Update 126b does a three-way merge in which it starts from the top-sorted data, "125b", then replays (in order) everything in its previous diffs, in seqno-then-hash sorted order: 121, 122, 123, 124a, 124b, 125a, 125b. The final update value will then end up as:

    {
        "#": 126,
        "&": {  // The current full data
            "dictA": {
                "goodbye": [123, 456]
            },
            "dictB": {
                "added": 9999,
                "answer": 42,
                "changed": 1,
                "nested": {
                    "a": 1
                }
            },
            "good": [123, "Foo", "bar"],
            "int1": 5,
            "int2": 2,
            "string2": "hello",
            "string3": "omg"
        },
        "*": {
            "<": [
                [122, "(hash122)", {...changes-in-seqno-122...}],
                [123, "(hash123)", { "int0": "-", "int1": "", "int2": "" }],
                [124, "(hash124a)", { "dictB": {"answer": "", "foo: ""} },
                [124, "(hash124b)", {...large-changes-from-124-example...}],
                [125, "(hash125a)", { "dictB": { "foo": "-" }}],
                [125, "(hash125b)", { "int1", "" }],
            ],
            "=": {} // No changes aside from the merge
        }
    }

Note that the 121 update is included for calculation (because it is part of 125a and 125b) but not included in the final 126b message itself (because it is beyond the cutoff for seqno 126).

127 is a two-way merge between 126a and 126b but, as mentioned earlier, also adds 789 to the ["dictA"]["goodbye"] set. It does this by following the merge and replay logic: it starts from 126b (the highest by seqno/hash ranking), then replays changes from 122, 123, 124a, 124b, 125a, 125b, 126a, 126b on top of it, and then finally re-applies local change from 126b and pushes the result.

Aside from the added value (789) this 127 merge doesn't actually change anything through merging: 126a already includes everything that 126b does (and doesn't have any additional changes of its own).

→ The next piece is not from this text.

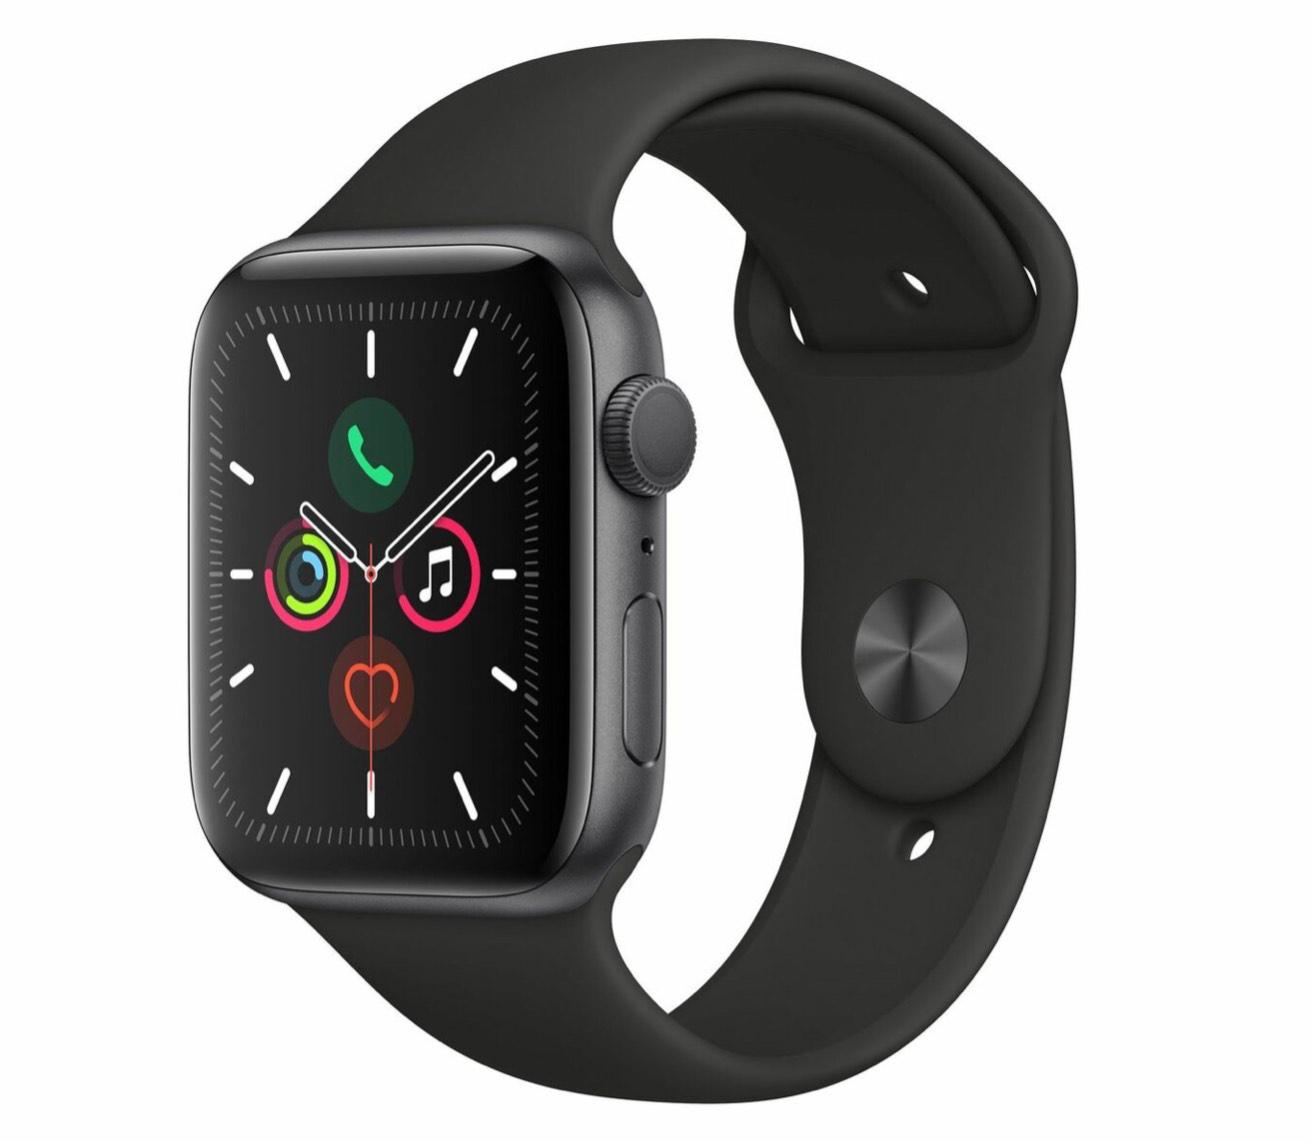 Apple Watch Series 5, 44mm, Aluminiumgehäuse spacegrau, Sportarmband schwarz

The 127 update still happens, however, to "commit" the merge (even though it doesn't affect anything), allowing 126a and b to be forgotten.

This final 127 update thus becomes:

    {
        "#": 127,
        "&": {  // The current full data
            "dictA": {
                "goodbye": [123, 456, 789],
                "hello": 123
            },
            "dictB": {
                "added": 9999,
                "answer": 42,
                "changed": 1,
                "nested": {
                    "a": 1
                }
            },
            "good": [123, "Foo", "bar"],
            "int1": 5,
            "int2": 2,
            "string2": "hello",
            "string3": "omg"
        },
        "*": {
            "<": [
                [123, "(hash123)", { "int0": "-", "int1": "", "int2": "" },
                [124, "(hash124a)", { "dictB": { "answer": "", "foo": "" }}],
                [124, "(hash124b)", {...large-changes-from-124-example...}],
                [125, "(hash125a)", { "int1", "" }],
                [125, "(hash125b)", { "dictB": { "foo": "-" }}],
                [126, "(hash126a)", {}],
                [126, "(hash126b)", {}]
            ],
            "=": { "dictA": { "goodbye": [[789], []] } }
        }
    }

Message Encryption

All messages are stored in encrypted form; we select XChaCha20-Poly1305 encryption for its excellent properties.

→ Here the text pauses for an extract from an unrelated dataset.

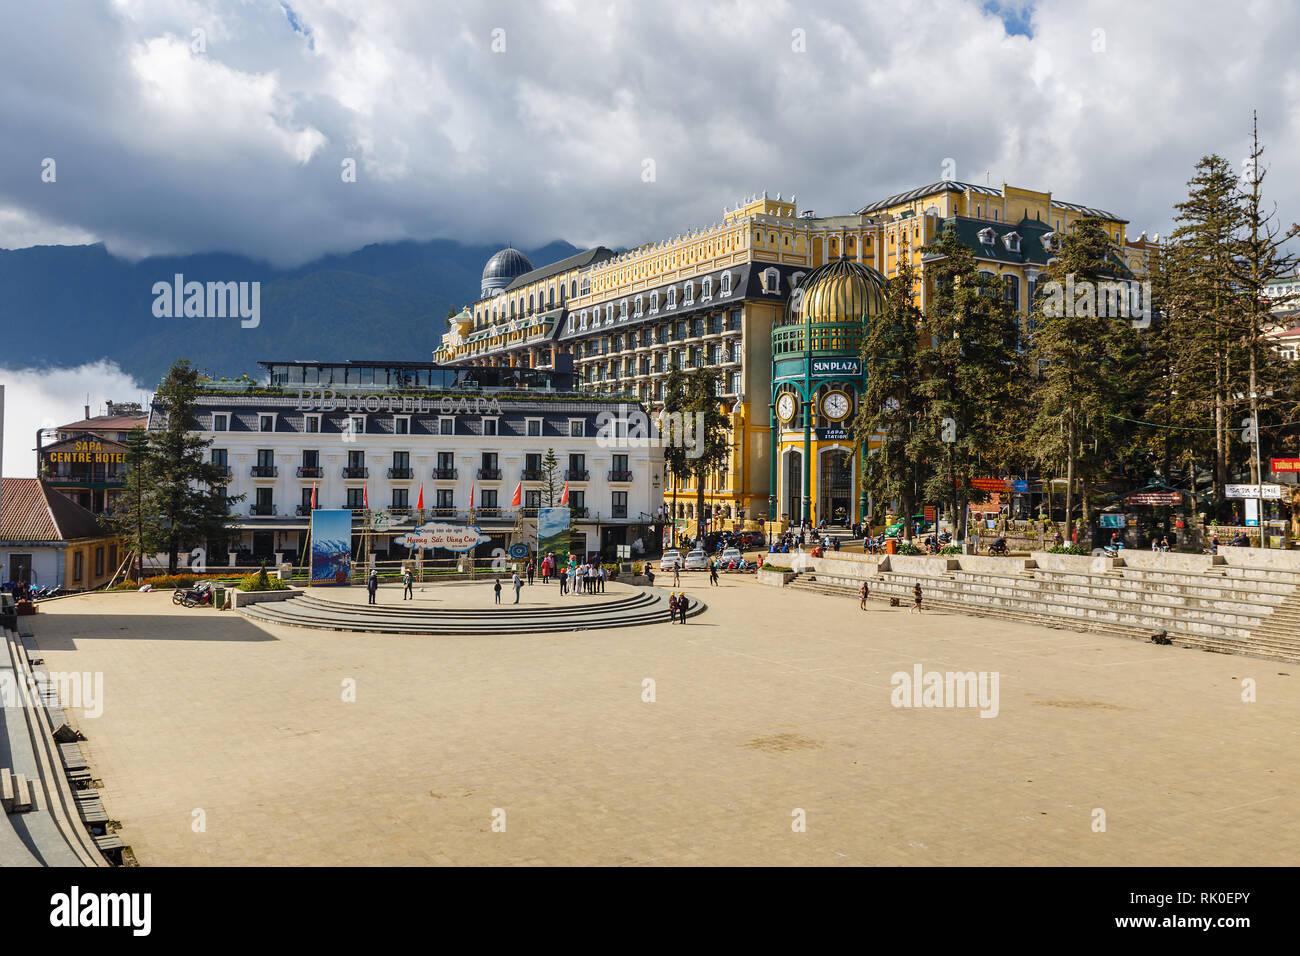 Sapa, Vietnam - November 20, 2018: View of Sun plaza SAPA station building new shopping mall in SAPA northwest Vietnam. - Stock Image

One complication in the above-described mechanism is that it is explicitly designed to allow clients to race to resolve conflicts by assuring that racing clients are all racing to publish identical data. This race is intended to be resolved at the server level through server-side de-duplication of identical messages. When adding encryption on top, however, this means we also need deterministic encryption so that the encrypted version of the data is also unconflicted.

Thus for encryption we compute the XChaCha20 nonce by not using a pure random nonce but rather using a 24-byte BLAKE2b keyed hash of the plaintext config message data, keys using 32-byte key "libsession-config-nonce-hash-key".

Note, however, that message hashes (as used in diff sections) depend on the plaintext serialized value, not the encrypted value.